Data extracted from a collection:
==========
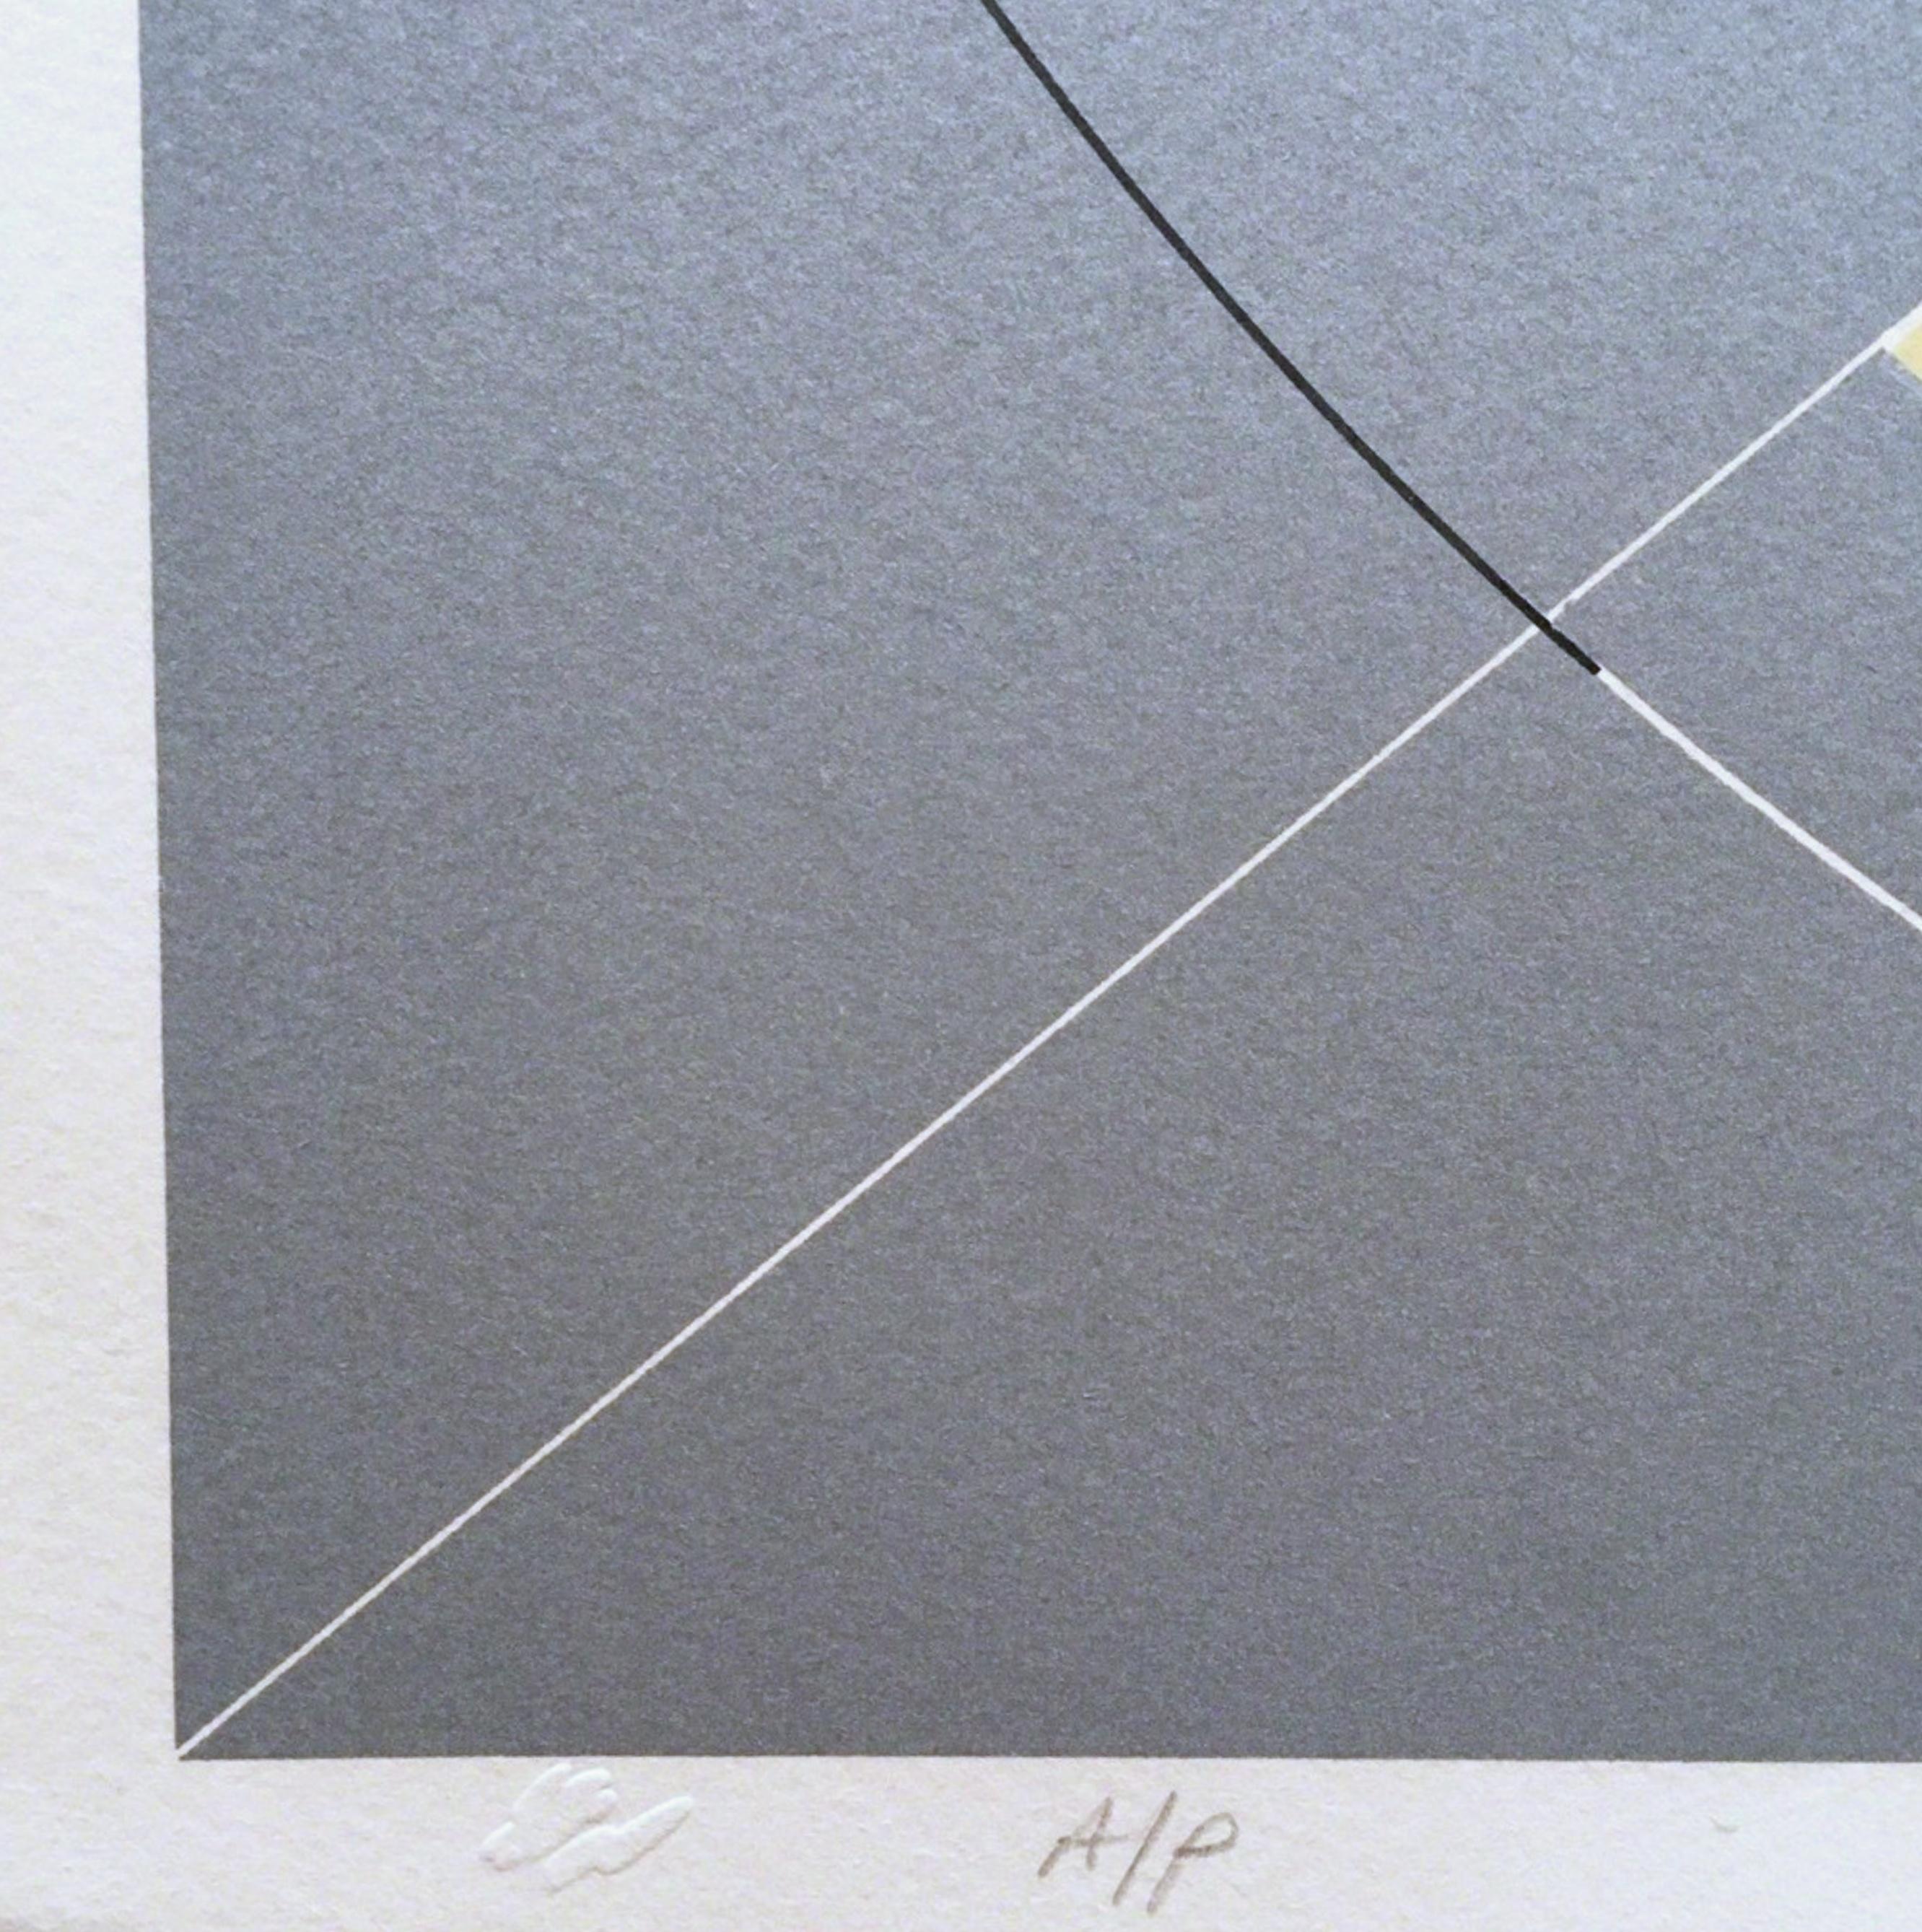 Tony Delap
Florian, Kind der Luft, 1977
Lithographie auf Arches Umschlagpapier
Mit Bleistift signiert, betitelt, mit Anmerkungen versehen und datiert auf der Vorderseite
Diese Lithografie,
==========
## [Work request]
Give again, word for word, every line from the one holding "Mit Bleistift signiert, betitelt, mit" to the end of the data.

## [Output below]
Mit Bleistift signiert, betitelt, mit Anmerkungen versehen und datiert auf der Vorderseite
Diese Lithografie,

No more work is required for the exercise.